So that, you would think, settles that.  But myths die hard and even those who are made aware of all the abundant evidence that this one is total bunk find ways to clutch at some straws.  One such is to try to claim that while some or even most medieval scholars accepted that the earth was round, there were still a few who did not.  And so it's claimed that there was some kind of "dispute" over the issue.  Some of those who try to argue along these lines point to assertions made in the Middle Ages about "the antipodes", disputing that they exist.  For example:

"As to the fable that there are Antipodes, that is to say, men on the opposite side of the earth, where the sun rises when it sets on us, men who walk with their feet opposite ours, there is no reason for believing it." (Augustine, De Civitate Dei, XVI.9)

In 748 AD Pope Zachary declared the belief "that beneath the earth there was another world and other men, another sun and moon" to be heretical and rejection of this antipodean world is found elsewhere in early medieval writings.

But these are not references to any dispute about the shape of the earth.  These writers are echoing a dispute between ancient philosophers about whether the other side of the round earth could have its own lands and inhabitants.  This was disputed on the grounds that the equatorial region was considered so hot that it was impassible, though for Christian writers it was also considered impossible because they believed mankind had been created in the northern hemisphere (with Eden being in the region of Jerusalem) and then spread out from Mount Ararat after the Great Flood.  So Noah's descendants could not have passed the equator to populate the southern hemisphere and any lands which may be there would be uninhabited.

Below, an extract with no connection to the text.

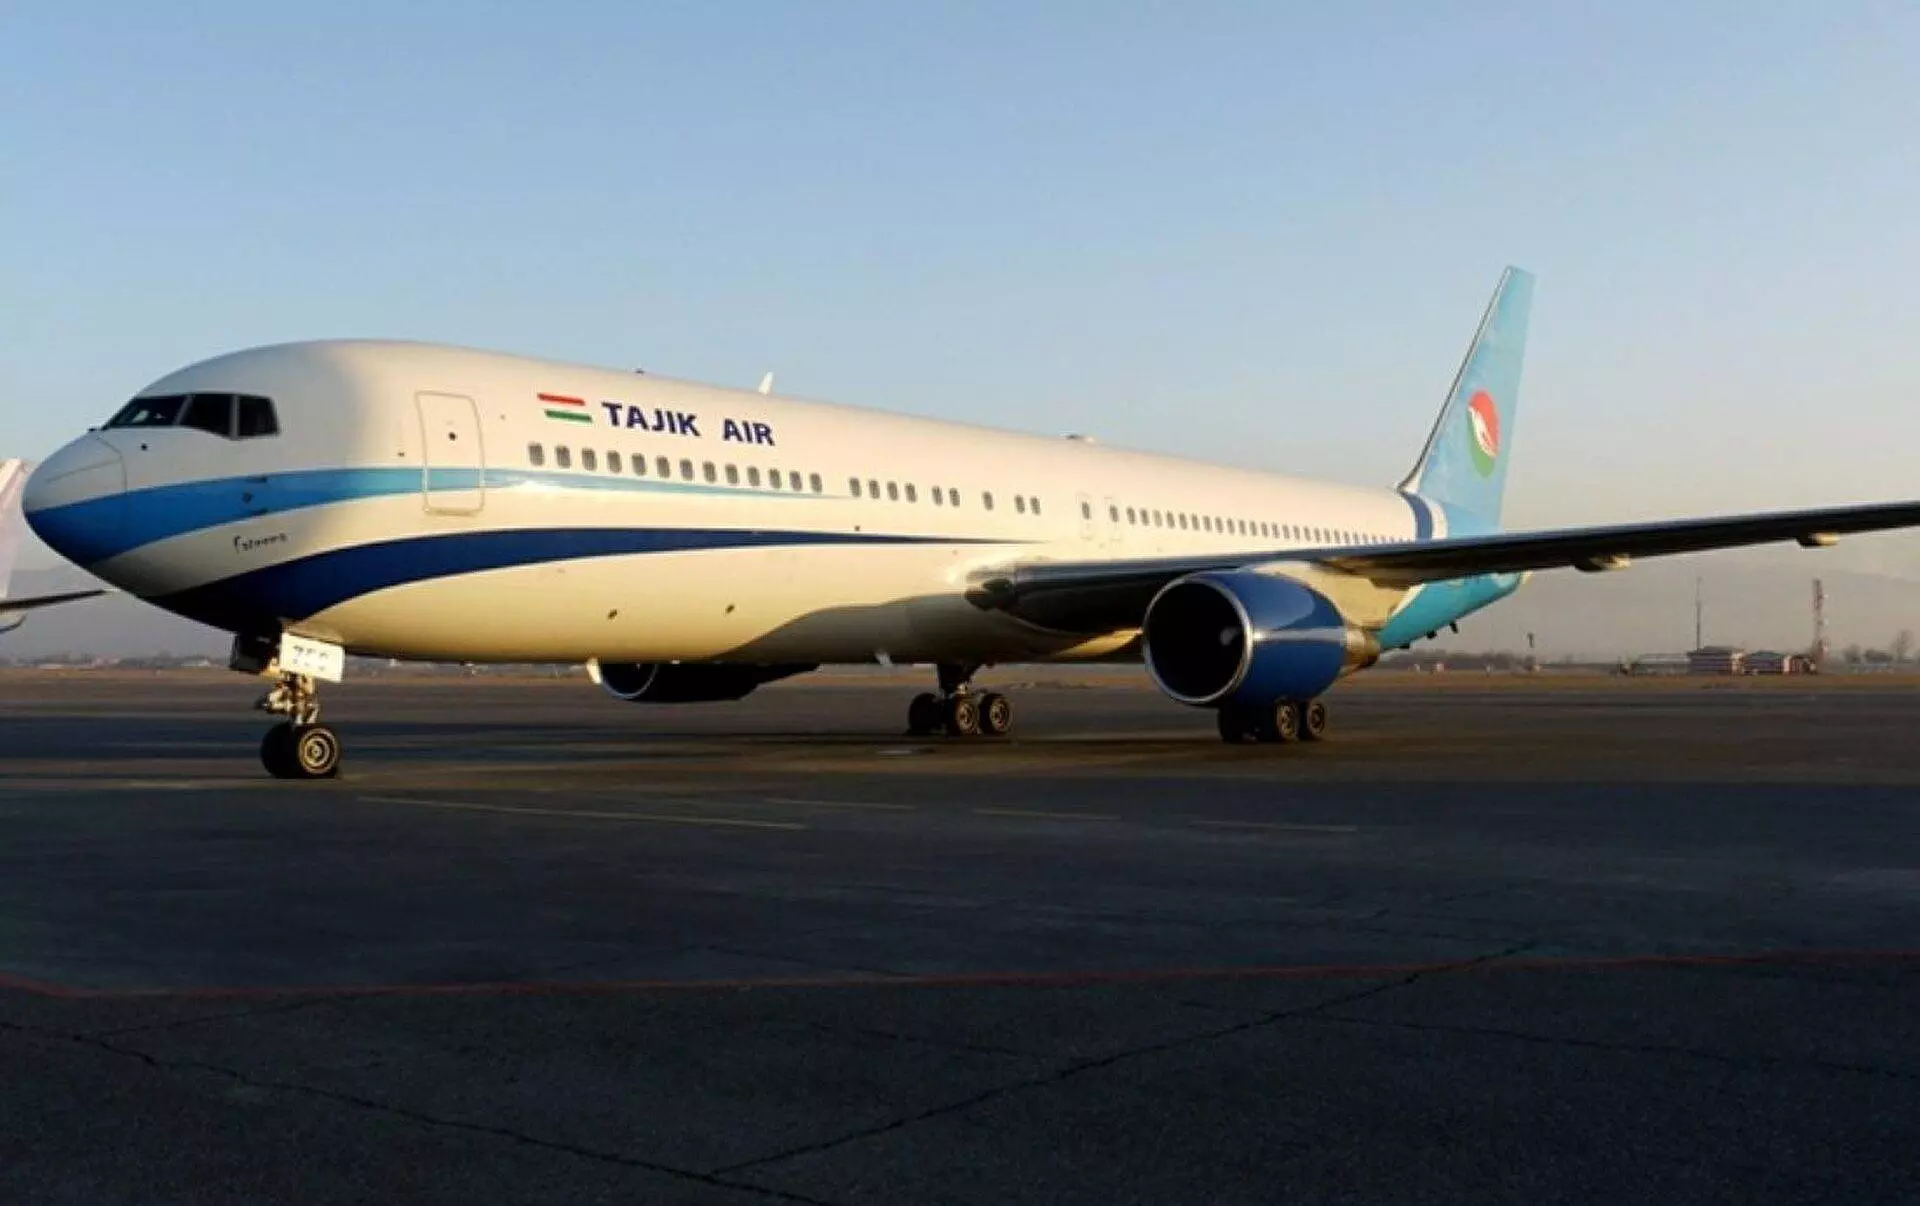 Таджик эйр (tajik air): обзор национальной авиакомпании таджикистана, направления перелетов таджикских авиалиний, отзывы пассажиров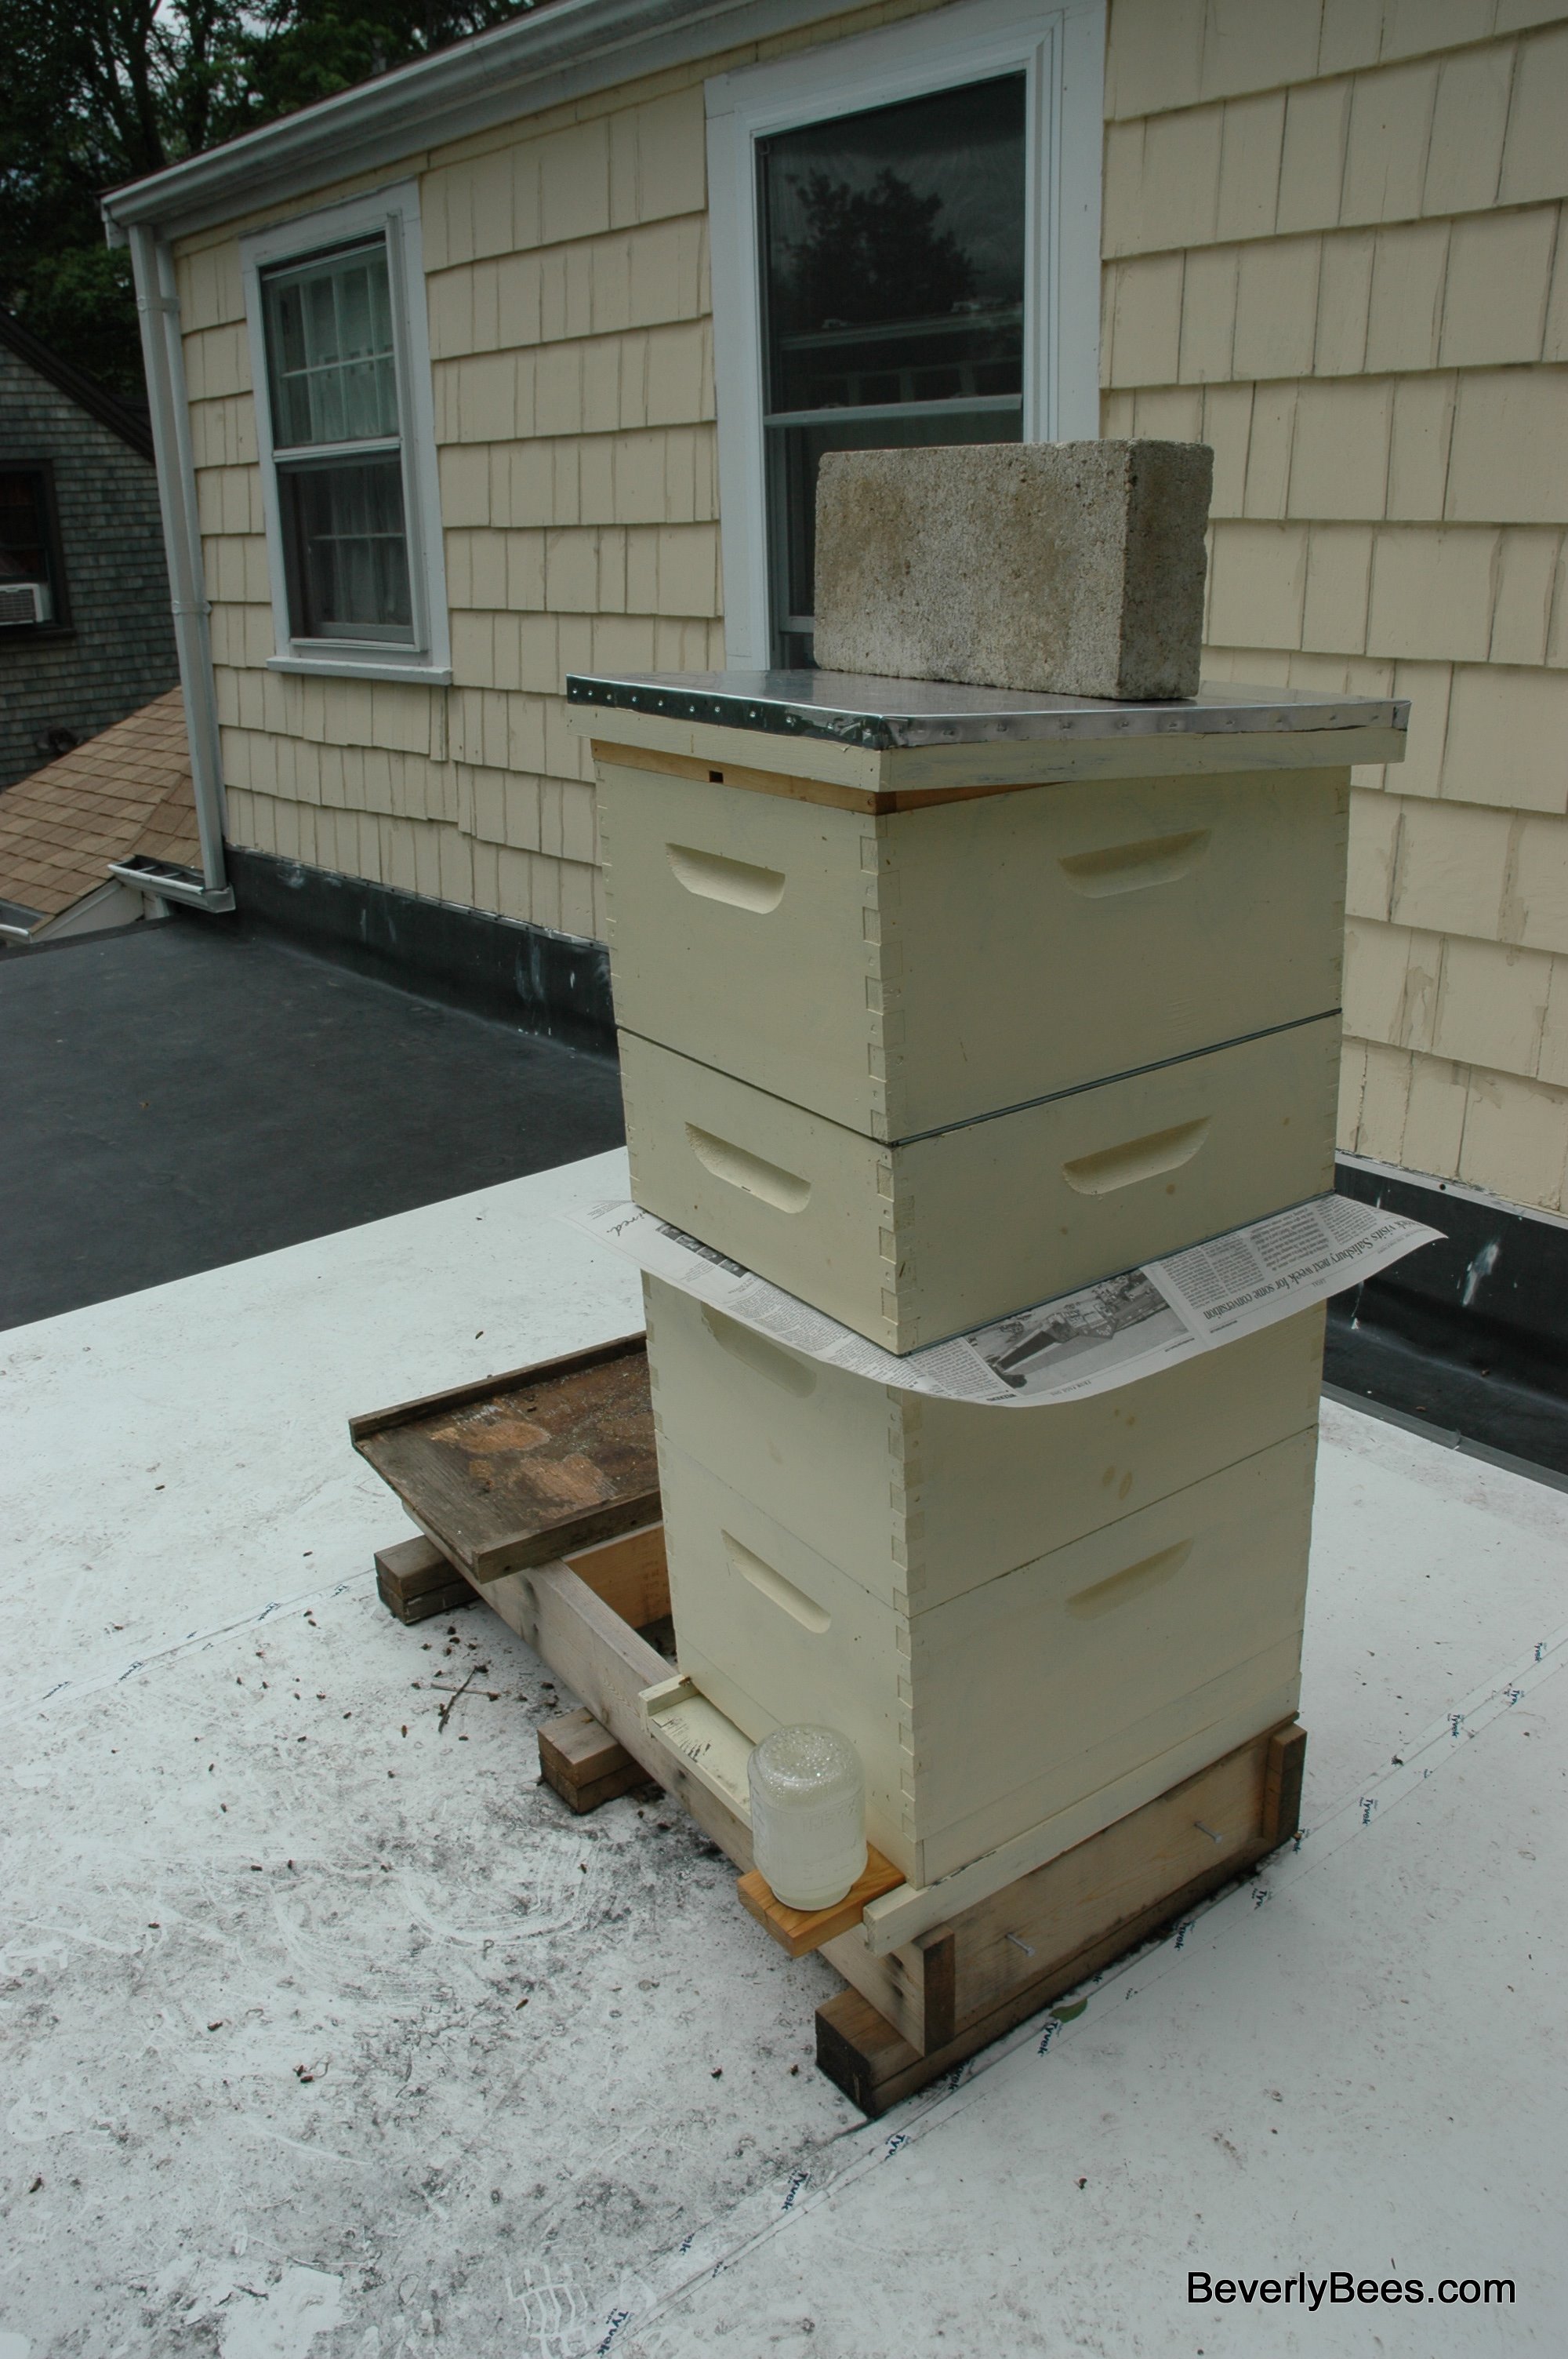 queen bee hive

As it happens, it was medieval travellers who ventured as far afield as Sri Lanka, Java and Sumatra by the thirteenth century that finally debunked the idea of an impassable equatorial zone and put the debate about the antipodes to rest.  But the point here is that this dispute was not about the shape of the earth - on the contrary, it presupposed the earth was spherical.





"Okay, but what about ... ?"

A few more tenacious defenders of the myth try even harder and come up with a passage from Isidore of Seville that they think is a clincher.  Isidore's Etymologiae was an encyclopaedia (of sorts) compiled by the sixth century bishop of Seville (c. 560-636) and organised according to his often highly fanciful etymologies for key words.  Given that the early medieval period had very few such works of general reference, it was a widely copied and read text.  Therefore if Isidore said the earth was anything other than round, surely this indicates that there was some dispute or doubt on the matter, at least in the early part of the medieval era.  And some feel this passage indicates just that:


"It is in virtue of its circular form that we speak of the orbis terrae (orb of the earth), because it is like a wheel; hence the name for a small wheel is orbiculus.  The ocean flowing around the land encircles its limits on all sides. It is divided into three parts, the first is called Asia, the second Europe and the third Africa." (Isidore, "De orbe" in Etymologiae,  XIV.2)


If here we have one of the most influential scholars of the early Middle Ages saying the earth is shaped "like a wheel" then surely this is clear evidence of at least some belief that it was something other than round, right?  Well, actually, wrong.  Sorry.

Elsewhere in the Etymologiae Isidore makes it clear that he understood the earth to be spherical.  For example, here is how he defines and describes the heavens:


"The sphere (sphaera) of the sky is so named because it has a round shape in appearance. But anything of such a shape is called a sphaera by the Greeks from its roundness, such as the balls that children play with. Now philosophers say that the sky is completely convex, in the shape of a sphere, equal on every side, enclosing the earth" (Isidore, "De partibus caeli" in Etymologiae, XIII.5)

Obviously if the spherical heavens are enclosing the earth and are "equal on every side", the earth too must be spherical.  And in another of his works, De natura rerum, he makes the same point:

"The earth, as Hyginus states, is situated in the middle of the universe. Equidistant from all of [the universe's parts] it occupies the centre.  The ocean, spread out by the limit of the circumference of the sphere, bathes virtually the entire globe." (Isidore, De natura rerum,  XLVIII)

The explicit references here to "the sphere" and "the globe" here are quite clear.  Finally he makes the point again in Book XIV, just before the "like a wheel" passage quoted above:


"The earth is placed in the central region of the [universe], standing fast in the centre equidistant from all other parts of the sky."  (Isidore, "De terra" in Etymologiae,  XIV.1)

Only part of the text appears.